9. A system for automated operation and maintenance of a cluster for supporting one or more file runs, wherein the system comprises:

the first acquisition module is used for respectively acquiring the characteristic parameters of at least one target file;

a first determination module to determine a cluster based on the characteristic parameters, the cluster including at least one server to support the target file; wherein determining clusters based on the feature parameters comprises:

an allocation module for allocating the at least one target file to the at least one server;

the second acquisition module is used for acquiring the operation parameters of the cluster in the operation process of the target file;

and the first adjusting module is used for dynamically adjusting the cluster based on the operating parameters, wherein the dynamic adjustment at least comprises the expansion or contraction of the cluster.

10. The system of any of claims 9, wherein the object files include at least model files, and the feature parameters include at least:

model file size, algorithm type, and machine learning framework.

11. The system of claim 9, wherein the operational parameters include server resource utilization; in order to dynamically adjust the cluster based on the operating parameters of the cluster, the first adjustment module is further configured to:

12. The system of claim 11, wherein the server resource utilization includes central processor utilization and memory utilization.

13. The system of claim 11, wherein to dynamically adjust the cluster of deployed services according to preset adjustment rules:

the second obtaining module is further configured to obtain the number of the at least one server and a system parameter of each server;

the first adjusting module is further configured to perform capacity expansion/capacity reduction on the servers according to a preset ratio based on the number and the system parameter, where the capacity expansion/capacity reduction at least includes increasing/decreasing the number of servers supporting the target file and increasing/decreasing the memory usage amount of the servers supporting the target file.
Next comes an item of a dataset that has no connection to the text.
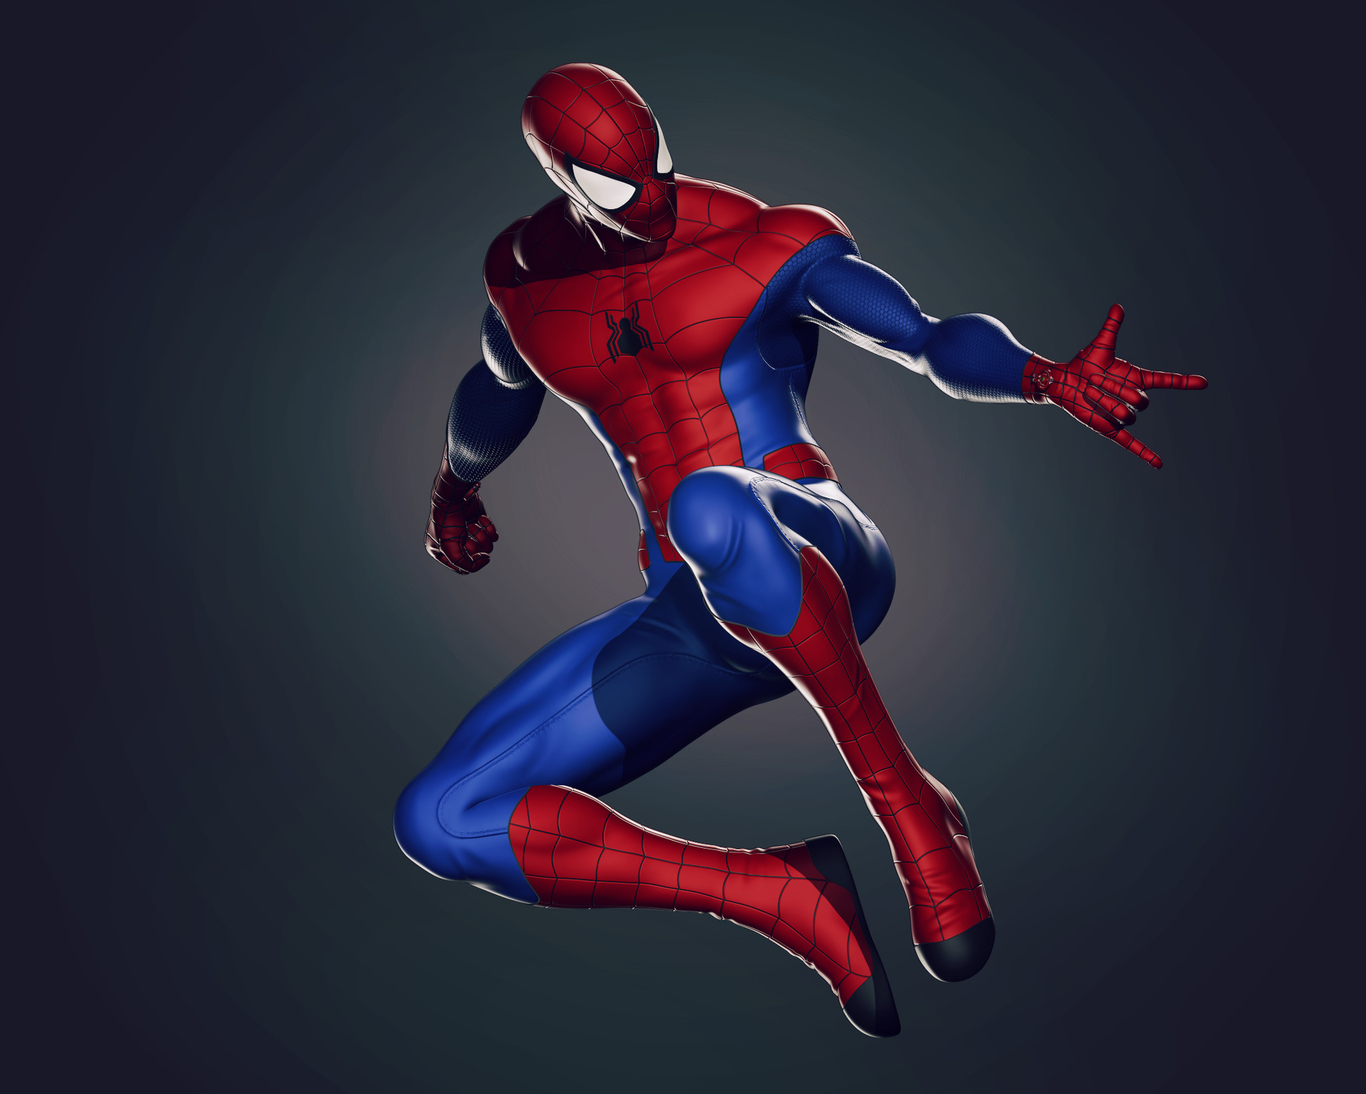 Wgarron23 spider man fan art 1 97ac28e5 t88u

14. The system of claim 9, wherein the system further comprises:

and the recovery module is used for recovering at least one target file based on the operation parameters of the cluster.
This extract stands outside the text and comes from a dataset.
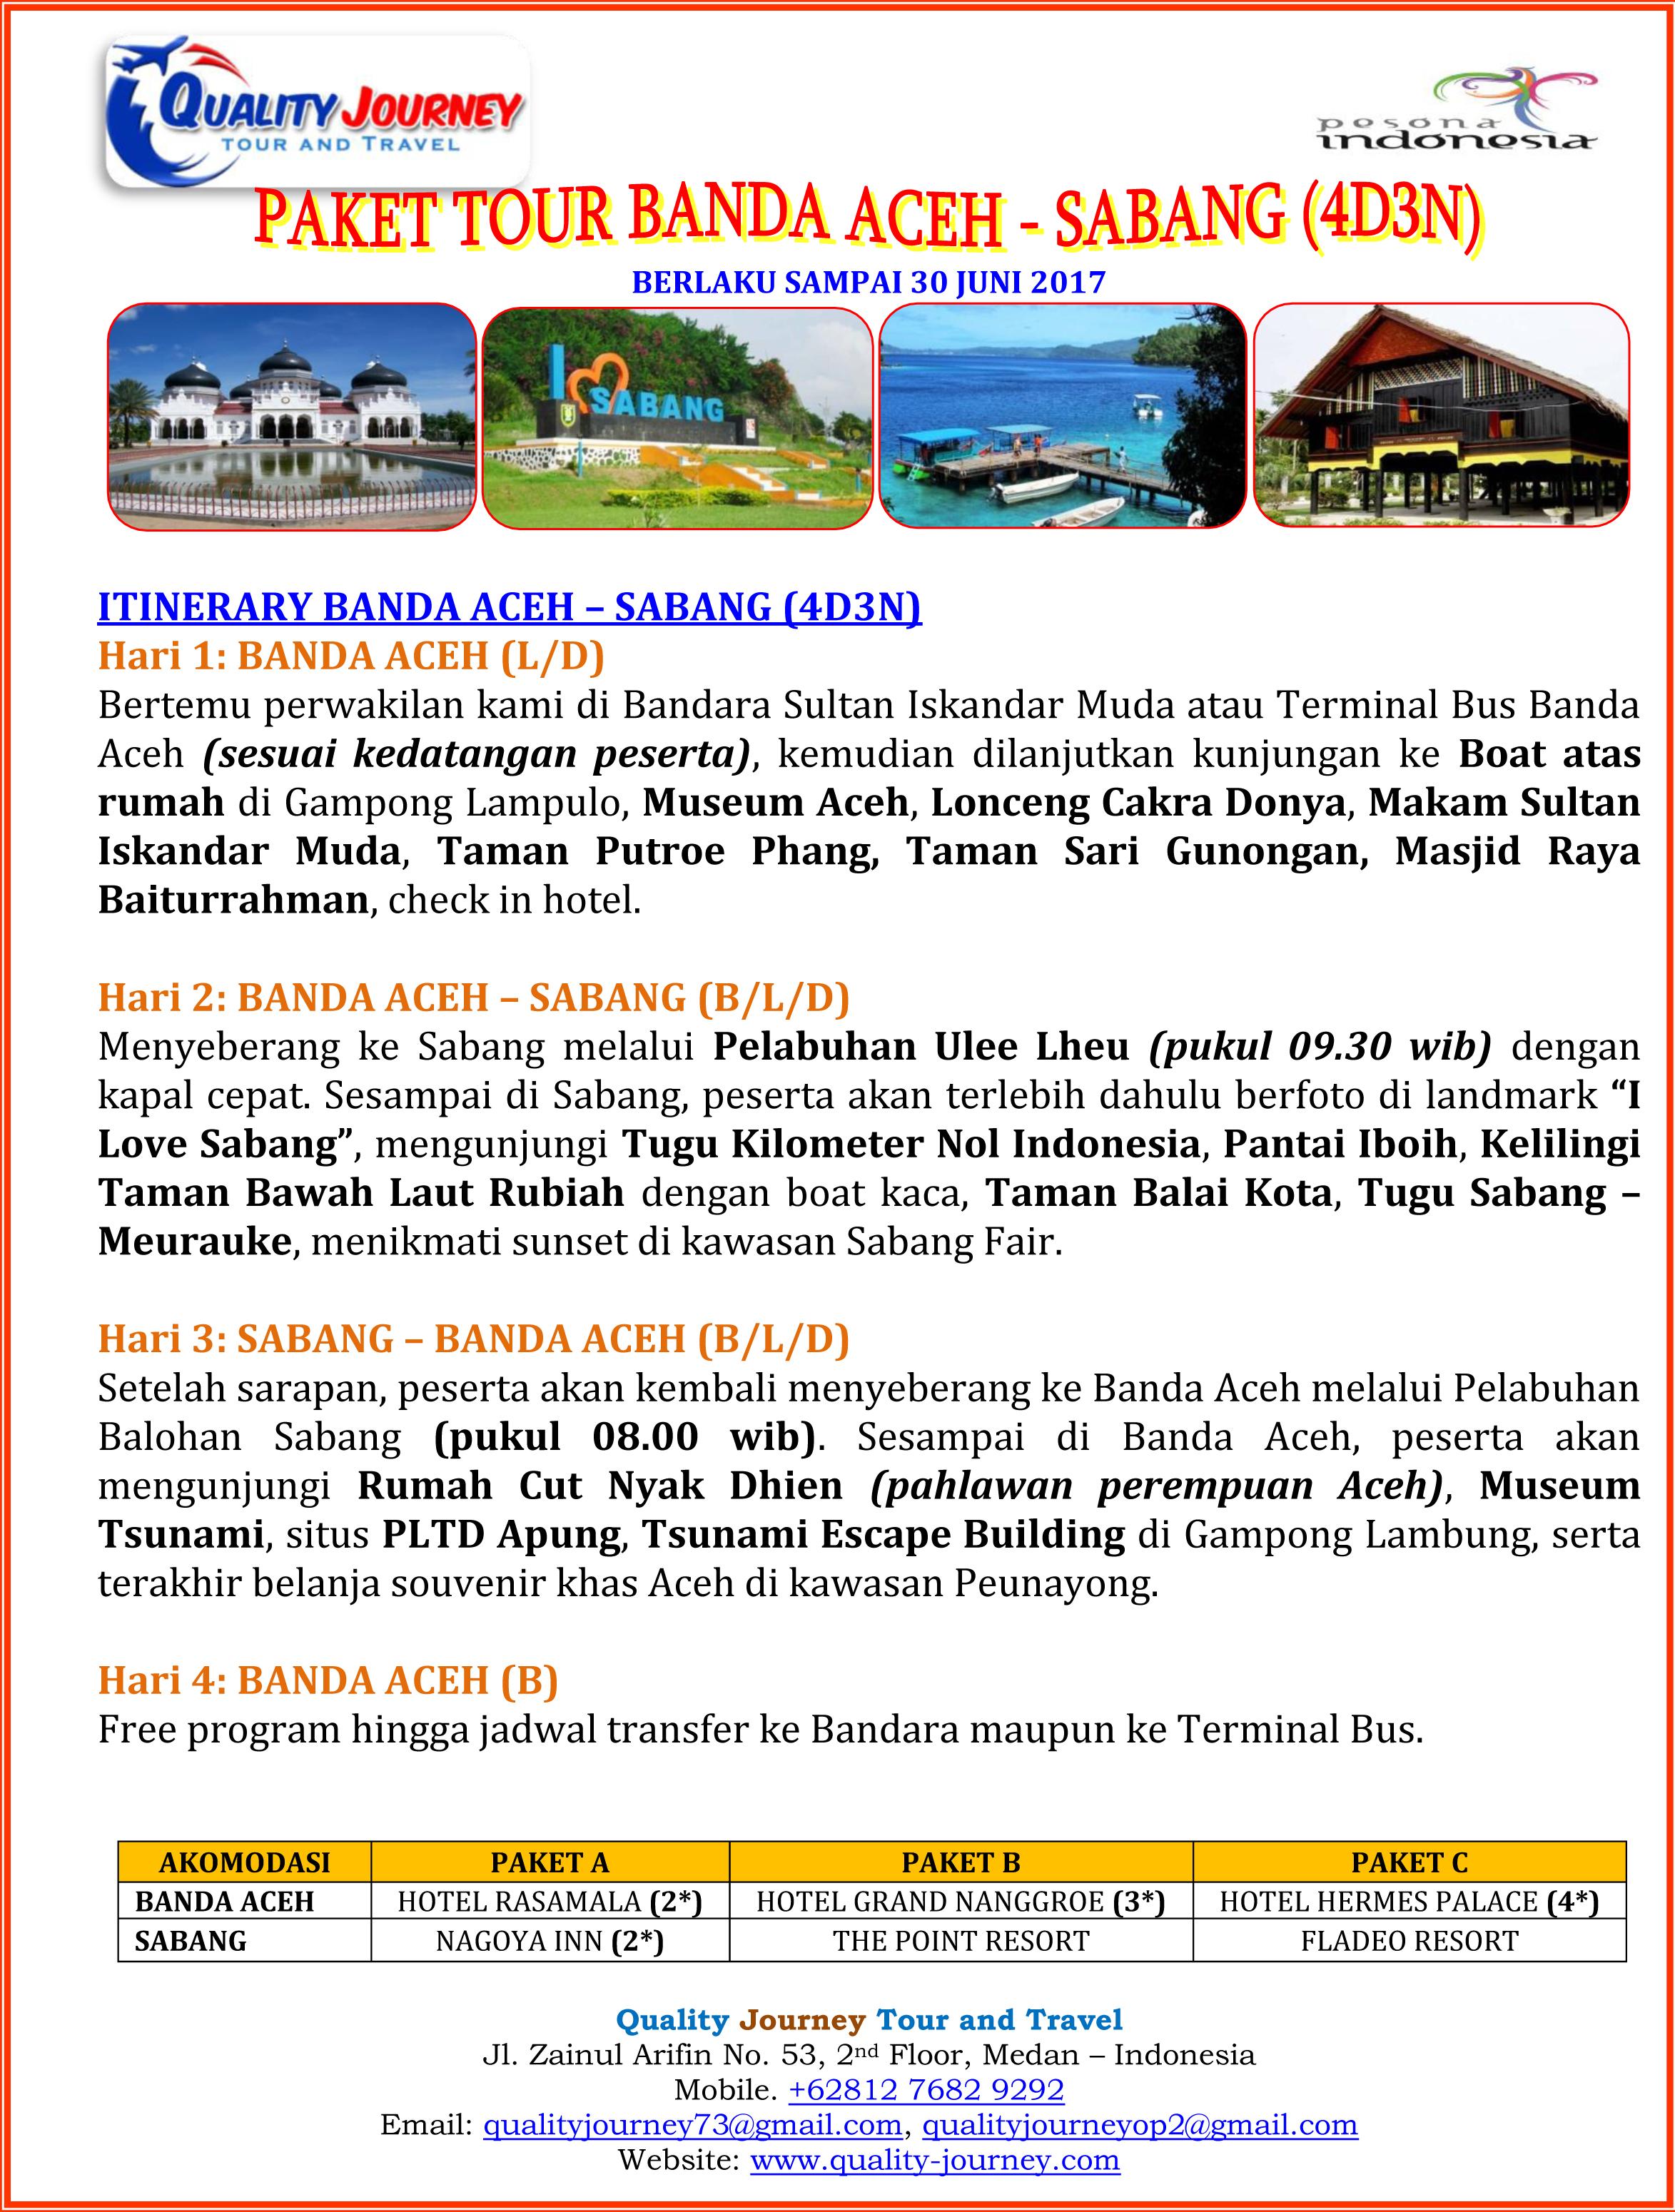 4d3n Tour Banda Aceh Sabang Quality Journey Paket 2017 1

15. The system of claim 14, wherein the operational parameters further include a file call amount; in order to perform a recycling process on at least one target file based on the operating parameters of the cluster, the recycling module is further configured to:

and if so, recycling the target file.

16. A service automation operation and maintenance system, comprising:

a third obtaining module, configured to obtain feature parameters related to a service to be deployed, where the service at least includes an online inference service, and the feature parameters at least include feature parameters of a file used to support the service;

the second determining module is used for determining a cluster based on the characteristic parameters and deploying the service to be deployed by utilizing the cluster; wherein the cluster comprises at least one server for deploying the service to be deployed; determining clusters based on the feature parameters, including:

a fourth obtaining module, configured to obtain an operation parameter of the cluster in an execution process of the deployed service;

and a second adjusting module, configured to dynamically adjust the cluster that deploys the service based on an operating parameter of the cluster, where the dynamic adjustment at least includes performing capacity expansion or capacity reduction on the servers in the cluster.

17. An apparatus for automated operation and maintenance of a cluster, comprising at least one storage medium and at least one processor, the at least one storage medium configured to store computer instructions; the at least one processor is configured to execute the computer instructions to implement the method of any of claims 1-7.

18. A service automation operation and maintenance device comprising at least one storage medium and at least one processor, the at least one storage medium for storing computer instructions; the at least one processor is configured to execute the computer instructions to implement the method of claim 8.